Exercise goal - The required output holds only the lines from the one containing "Shirt with cuff" through the end of the material below, copied exactly, please, with no pictures.

Source material -
________________________
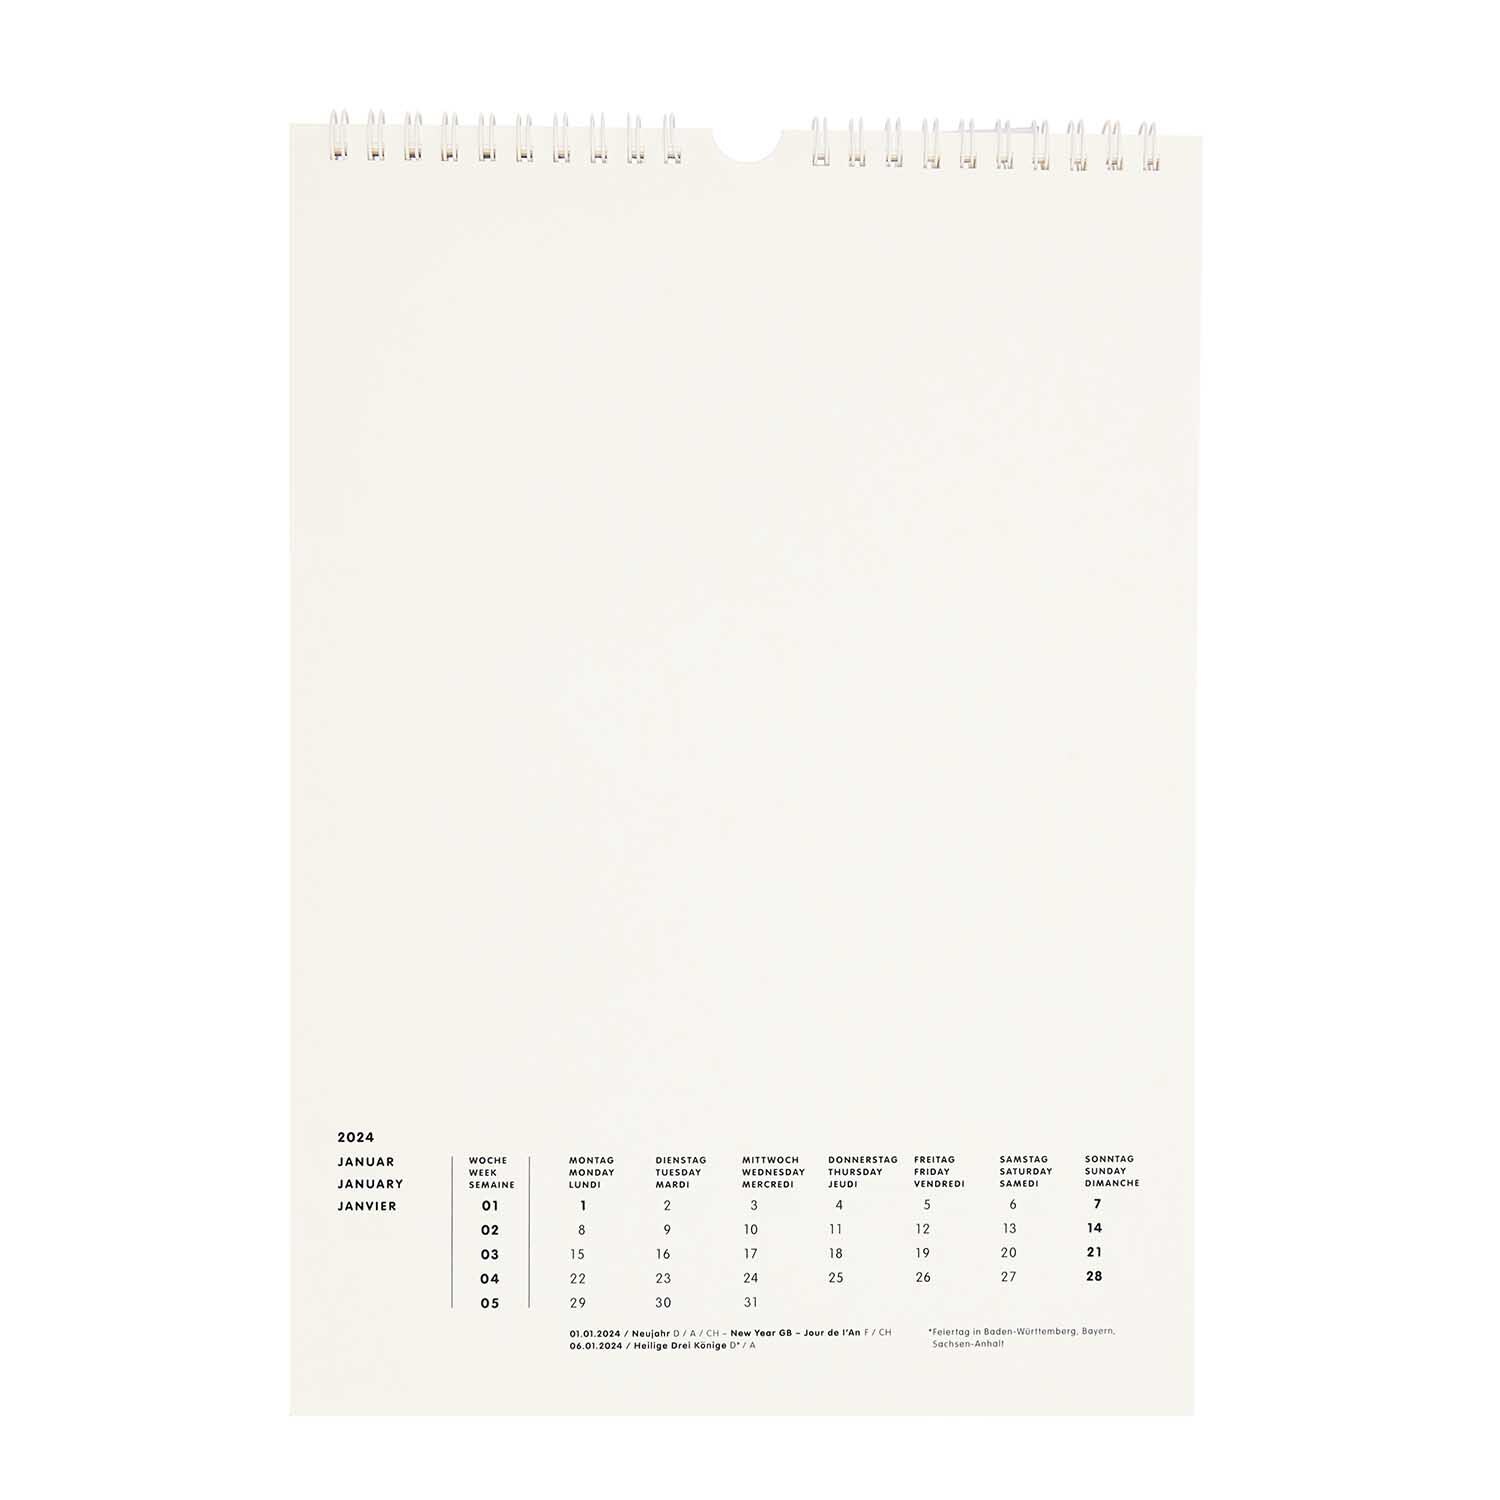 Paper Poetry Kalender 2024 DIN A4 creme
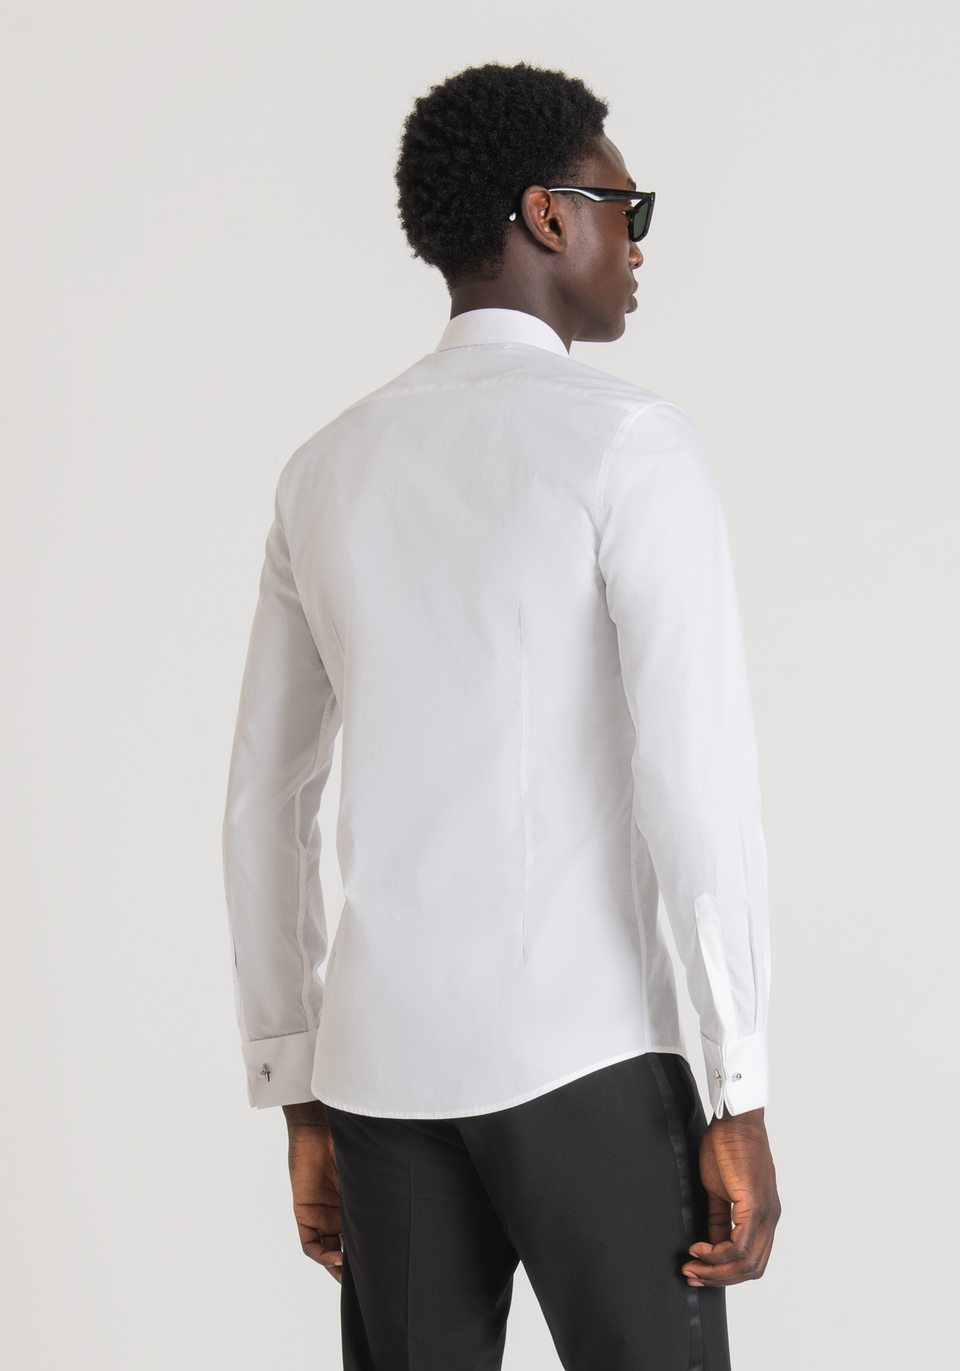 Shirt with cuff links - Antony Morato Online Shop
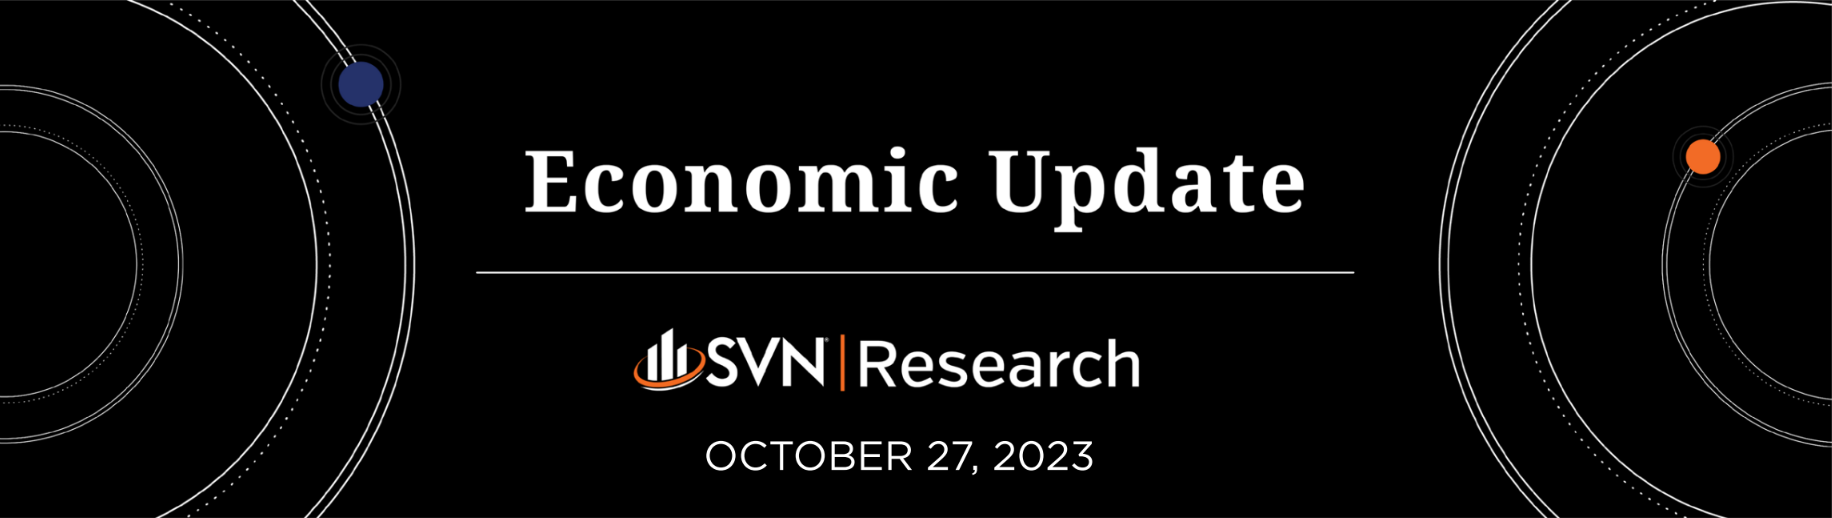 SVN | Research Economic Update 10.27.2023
________________________
Answer space -
 Shirt with cuff links - Antony Morato Online Shop
 SVN | Research Economic Update 10.27.2023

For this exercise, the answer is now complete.